Directions => Return the listing below unchanged, except that the pictures are dropped.
─── Dataset content ───
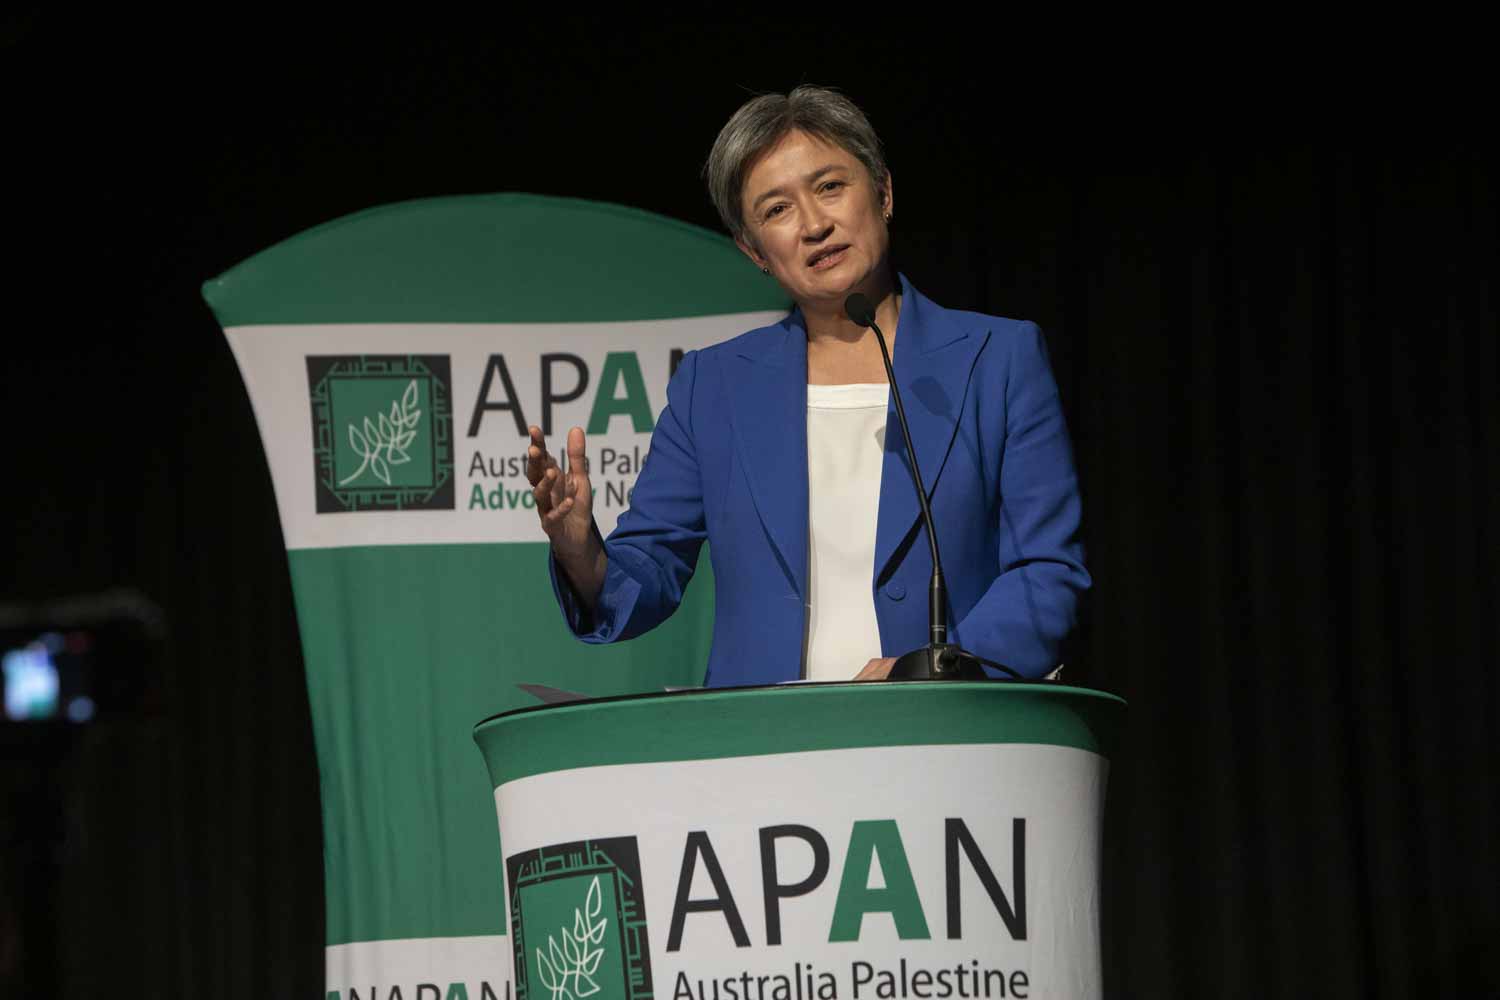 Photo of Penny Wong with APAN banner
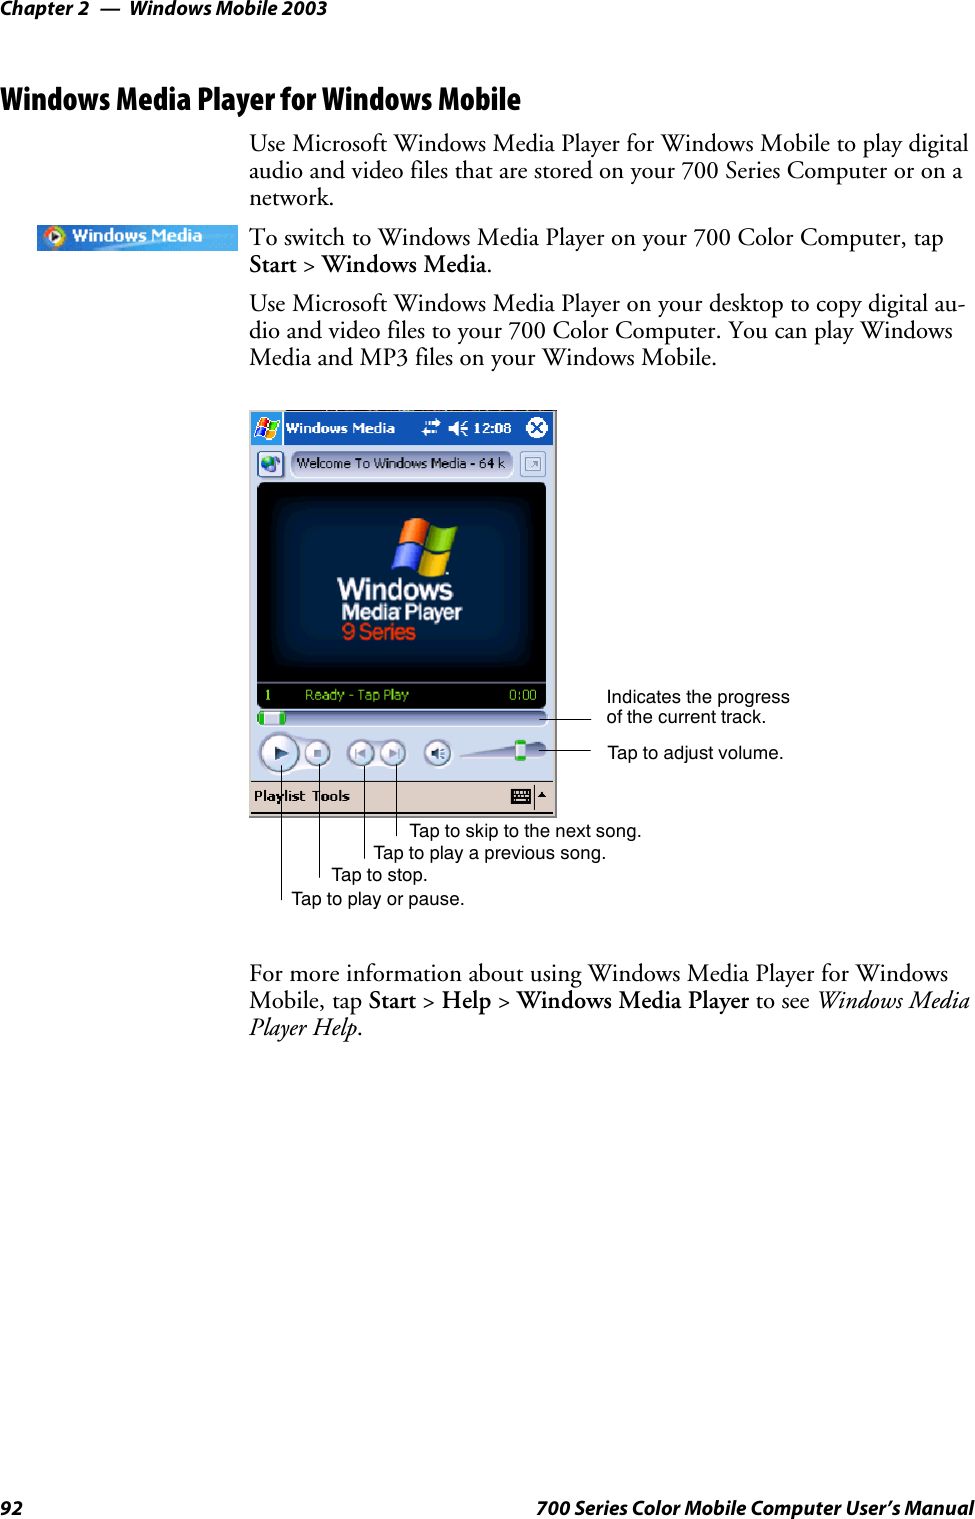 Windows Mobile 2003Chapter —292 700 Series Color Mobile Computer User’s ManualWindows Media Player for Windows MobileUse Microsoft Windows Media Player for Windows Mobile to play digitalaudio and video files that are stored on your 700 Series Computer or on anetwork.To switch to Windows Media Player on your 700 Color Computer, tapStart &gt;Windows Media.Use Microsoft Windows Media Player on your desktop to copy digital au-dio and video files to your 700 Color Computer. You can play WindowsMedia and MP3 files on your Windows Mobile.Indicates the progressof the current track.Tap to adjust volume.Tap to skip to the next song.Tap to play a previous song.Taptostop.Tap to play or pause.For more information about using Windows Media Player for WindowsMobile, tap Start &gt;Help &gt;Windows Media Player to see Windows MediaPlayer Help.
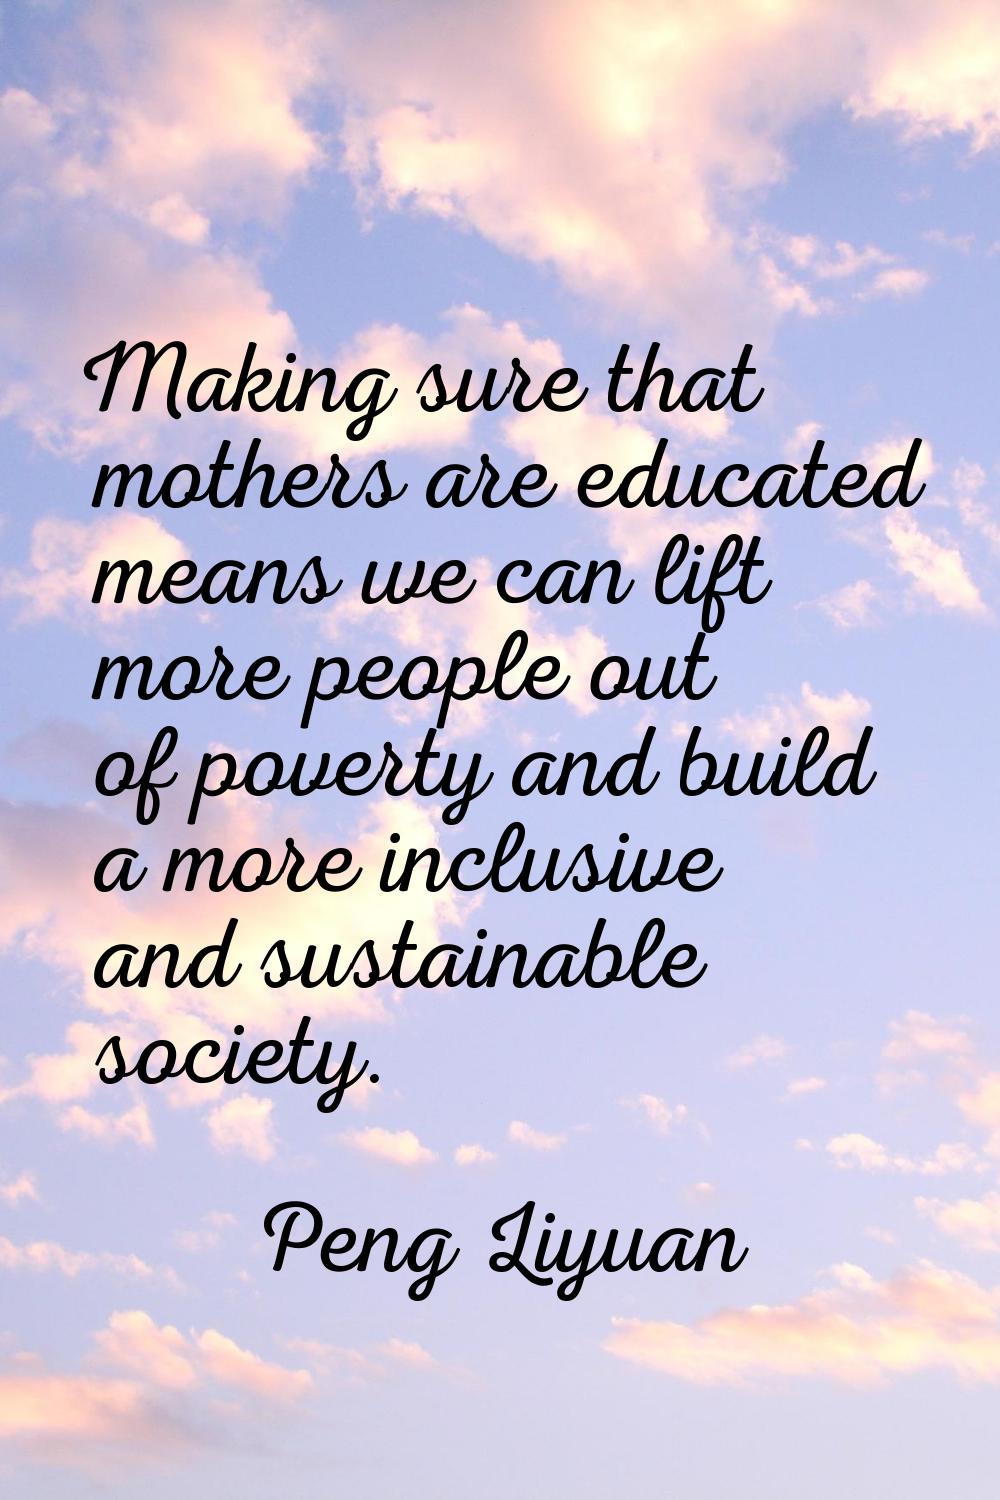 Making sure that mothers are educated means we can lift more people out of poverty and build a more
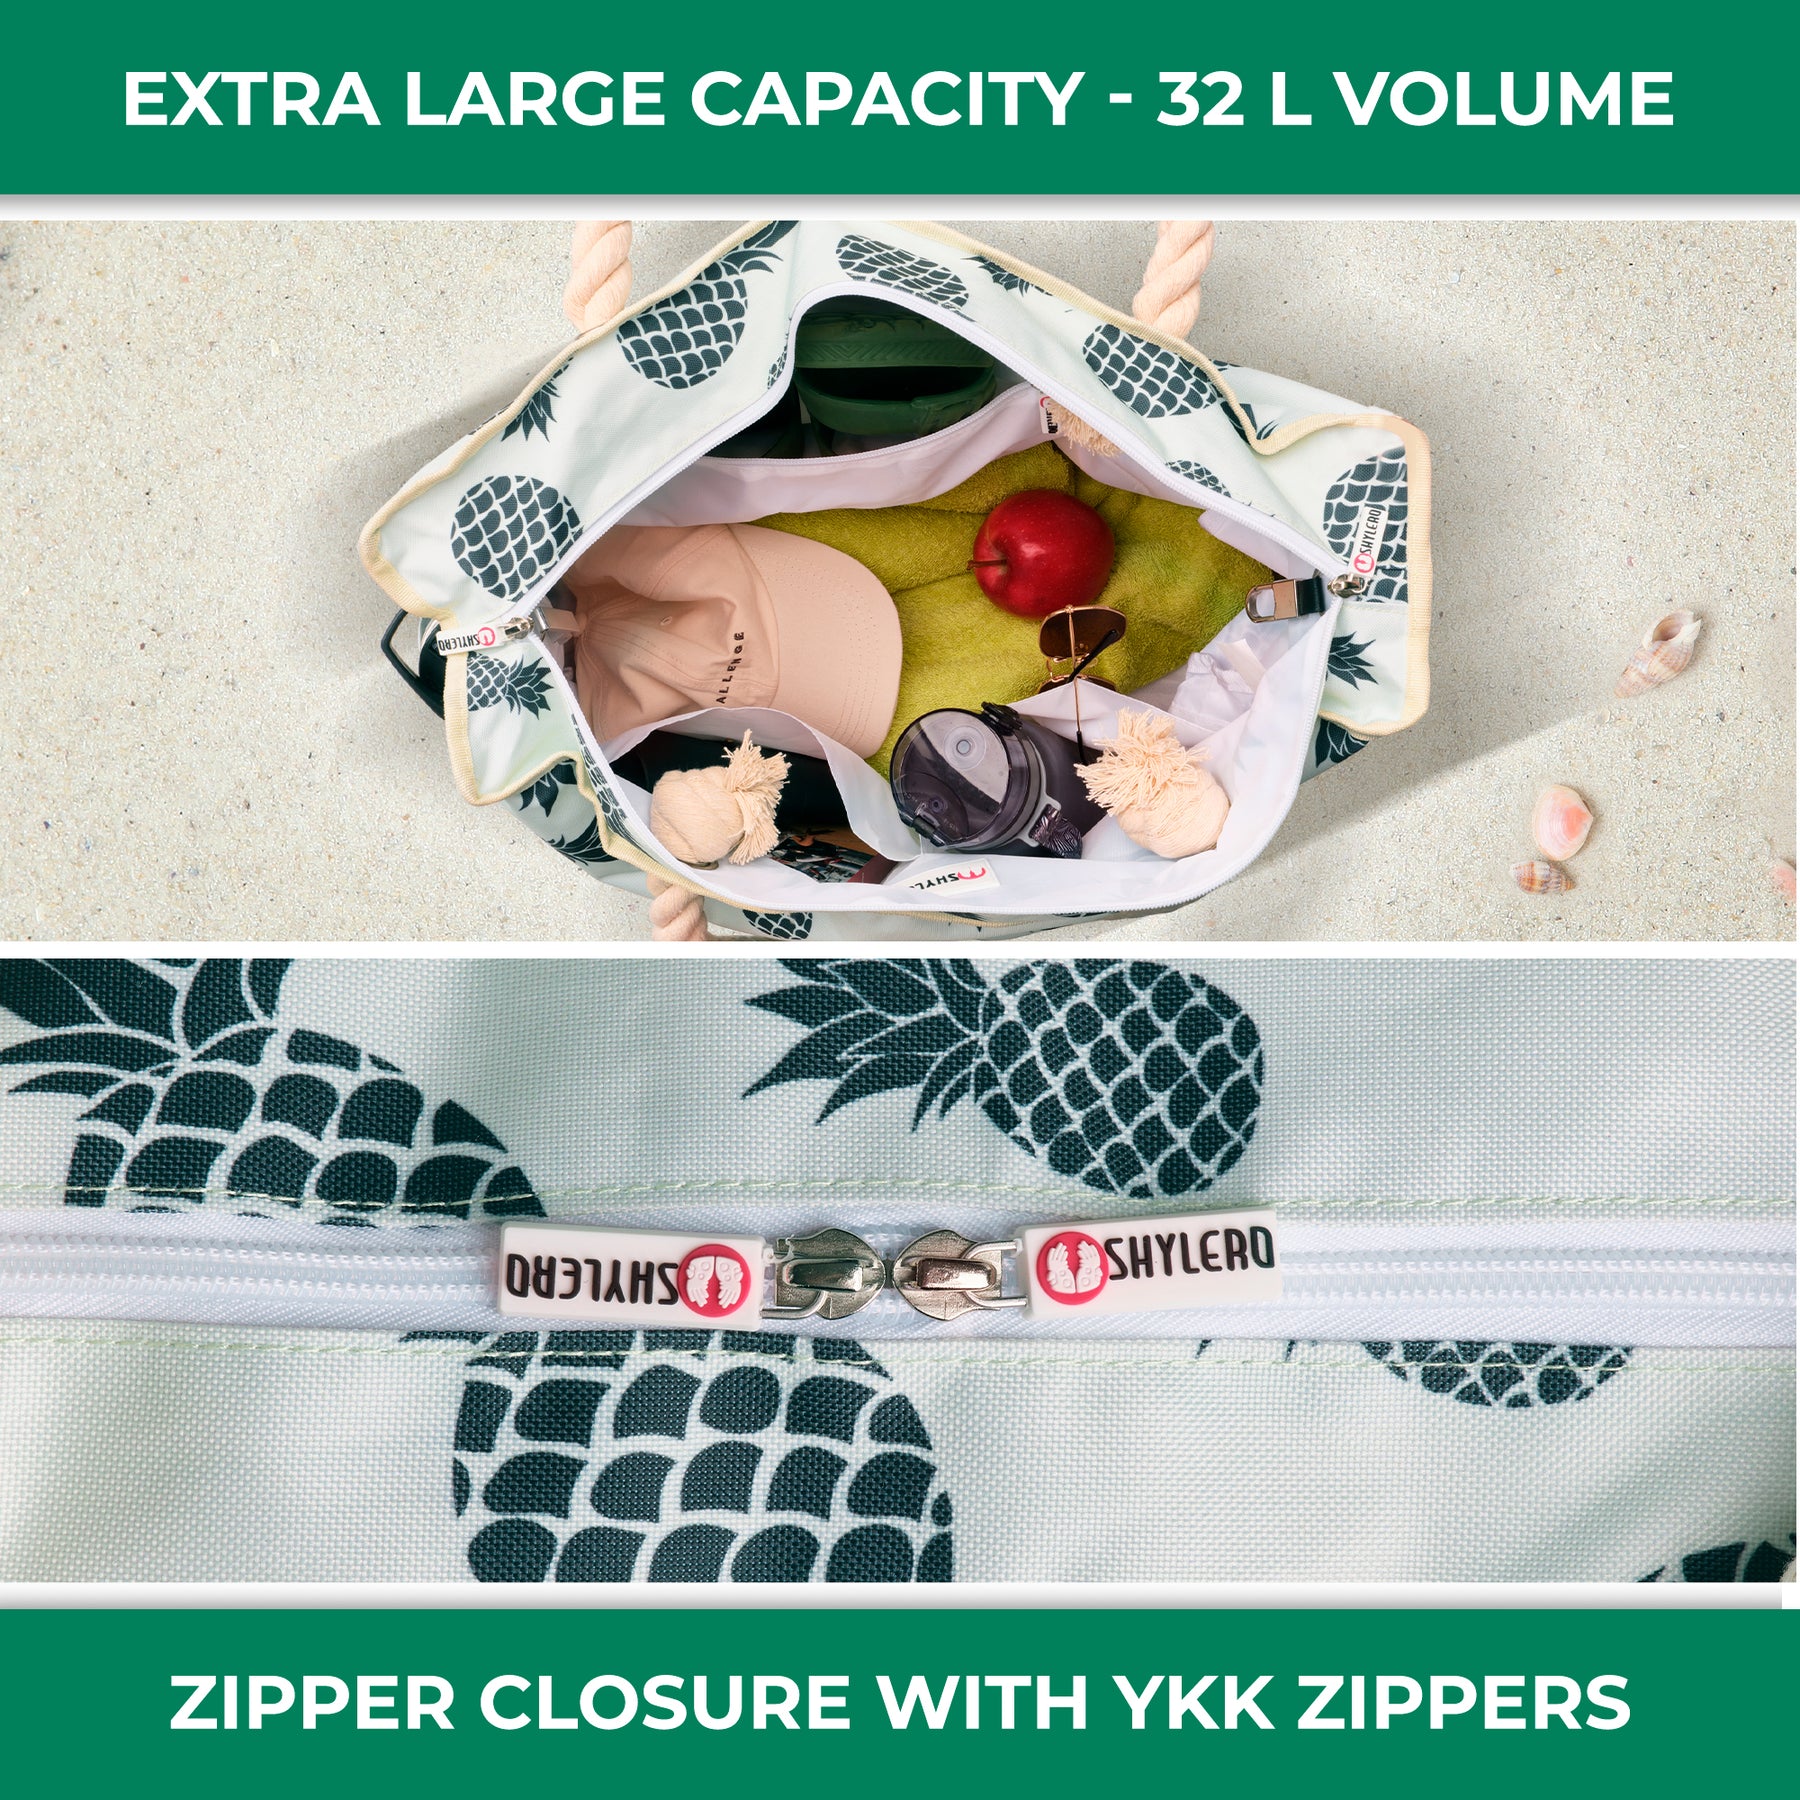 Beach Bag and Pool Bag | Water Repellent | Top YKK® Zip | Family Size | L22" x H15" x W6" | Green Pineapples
───
Answer box =>
 Photo of Penny Wong with APAN banner
 Windows Mobile 2003Chapter —292 700 Series Color Mobile Computer User’s ManualWindows Media Player for Windows MobileUse Microsoft Windows Media Player for Windows Mobile to play digitalaudio and video files that are stored on your 700 Series Computer or on anetwork.To switch to Windows Media Player on your 700 Color Computer, tapStart &gt;Windows Media.Use Microsoft Windows Media Player on your desktop to copy digital au-dio and video files to your 700 Color Computer. You can play WindowsMedia and MP3 files on your Windows Mobile.Indicates the progressof the current track.Tap to adjust volume.Tap to skip to the next song.Tap to play a previous song.Taptostop.Tap to play or pause.For more information about using Windows Media Player for WindowsMobile, tap Start &gt;Help &gt;Windows Media Player to see Windows MediaPlayer Help.
 Making sure that mothers are educated means we can lift more people out of poverty and build a more
 Beach Bag and Pool Bag | Water Repellent | Top YKK® Zip | Family Size | L22" x H15" x W6" | Green Pineapples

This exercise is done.